Saturday, July 2, 2011

Realtime Hadoop usage at Facebook: The Complete Story

I had earlier blogged about why Facebook is starting to use Apache Hadoop technologies to serve realtime workloads. We presented the paper at the SIGMOD 2011 conference and it was very well received.

Here is a link to the complete paper for those who are interested in understanding the details of why we decided to use Hadoop technologies, the workloads that we have on realtime Hadoop, the enhancements that we did to Hadoop for supporting our workloads and the processes and methodologies we have adopted to deploy these workloads successfully.

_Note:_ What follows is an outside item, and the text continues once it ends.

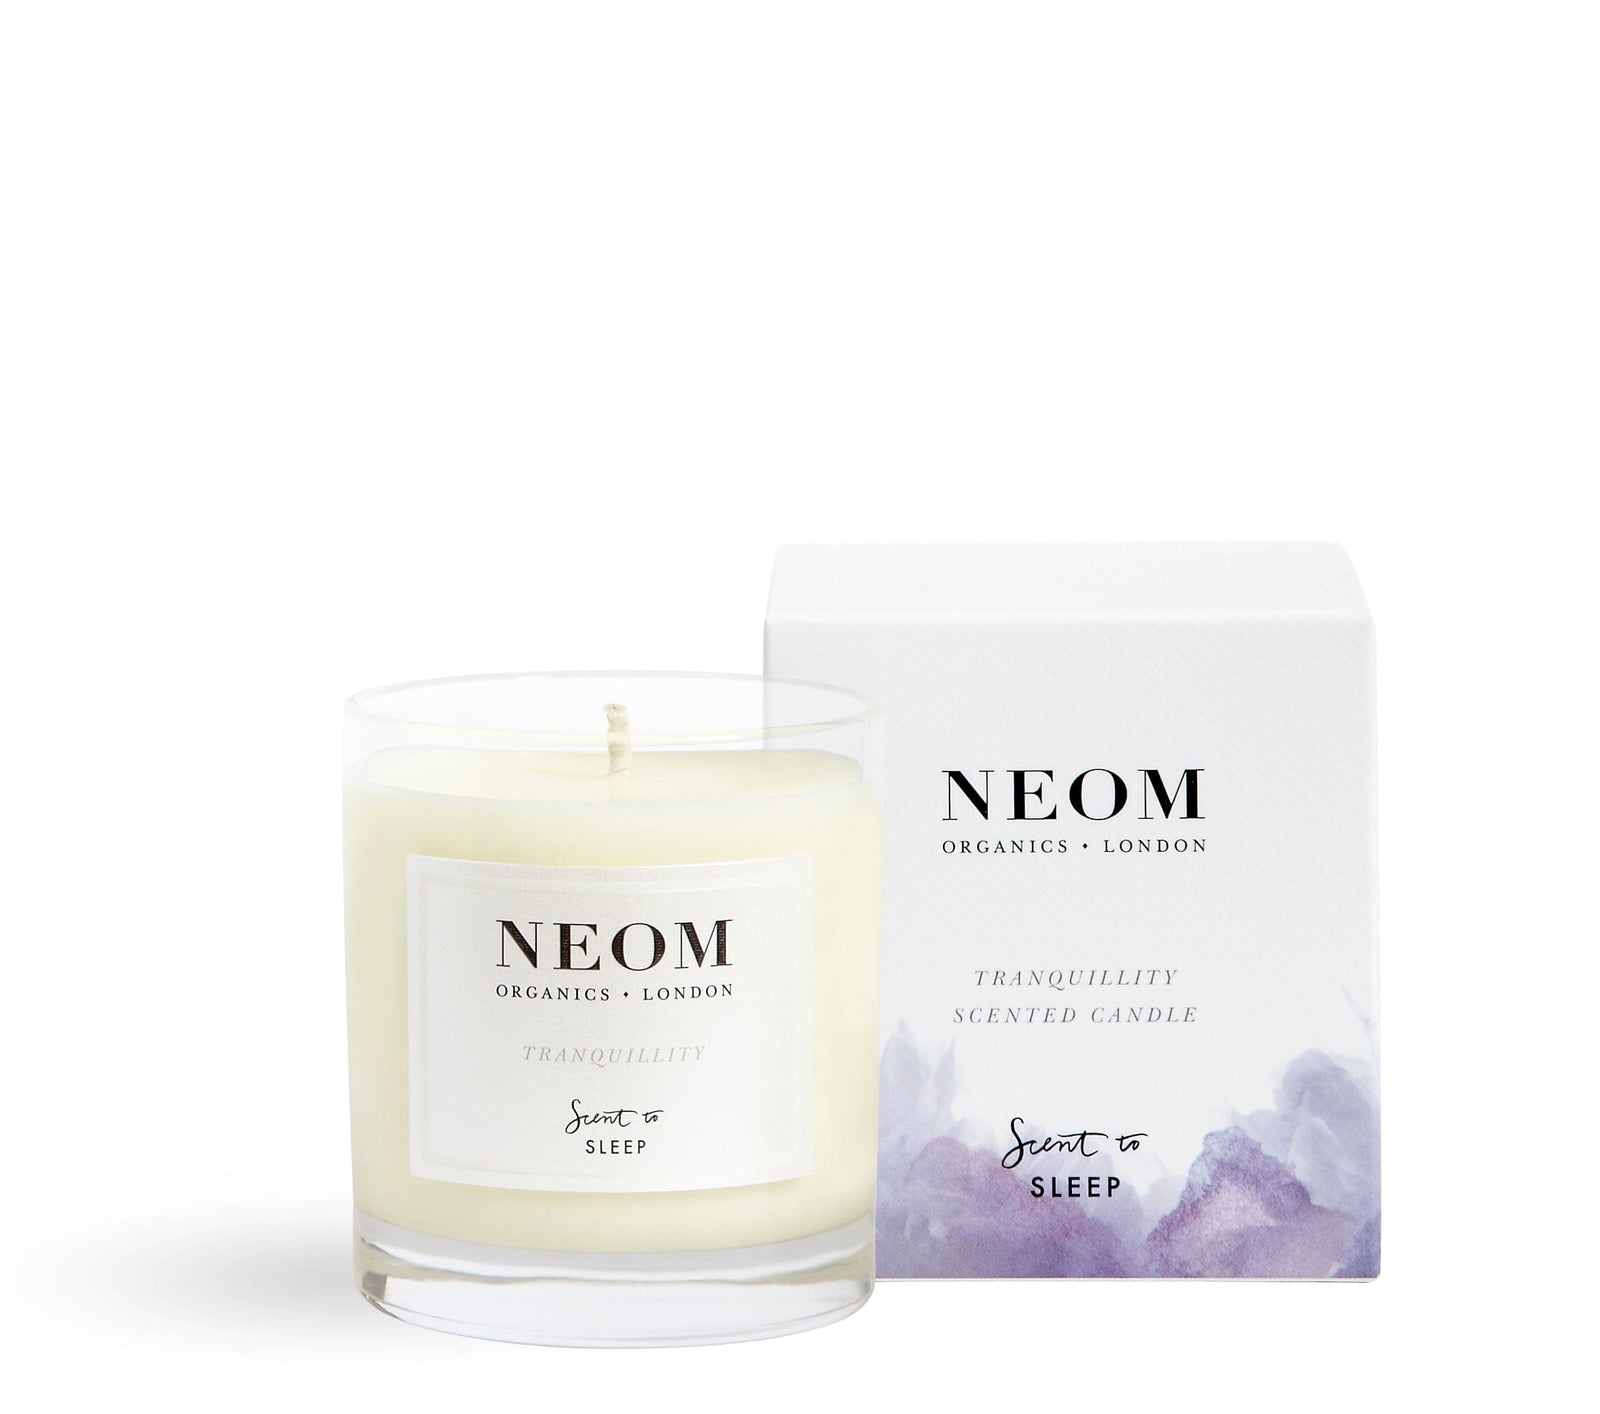 NEOM Tranquillity Scented Candle Scent to Sleep (1 wick)

A shortened version of the first two sections of the paper are also described in the slides that you can find here.

12 comments:

  1. On the flip side of the coin, Cloudera is also stepping up a notch with the announcement of Enterprise 3.5, the latest version of its Hadoop management offering. Some of the new features include real-time monitoring.

    ReplyDelete
  2. Nice blog post. I'm not that much aware of this thing but then, thanks.

    ReplyDelete
  3. Thank you..its very helpfull dhruba.. actually i'm planning to work with HBase

    ReplyDelete
  4. What a wonderful world. What a good job for this post. Very rich and constructive at the same time. I want to say a thumbs up to the creator for keeping this web site simple. Congratulations finally a web site of top-level. Have a nice day!

    ReplyDelete
  5. Finally! I've been waiting for months for Facebook to begin using an efficient technology like Apache Hadoop. I've noticed a real improvement in speed since this change has taken place. Keep up the good work Hadoop!

    ReplyDelete
  6. mridula@ning.comOct 19, 2011 01:19 PM

    Hi Drubha,
    Thanks for the post and links to the white paper. Intersting read.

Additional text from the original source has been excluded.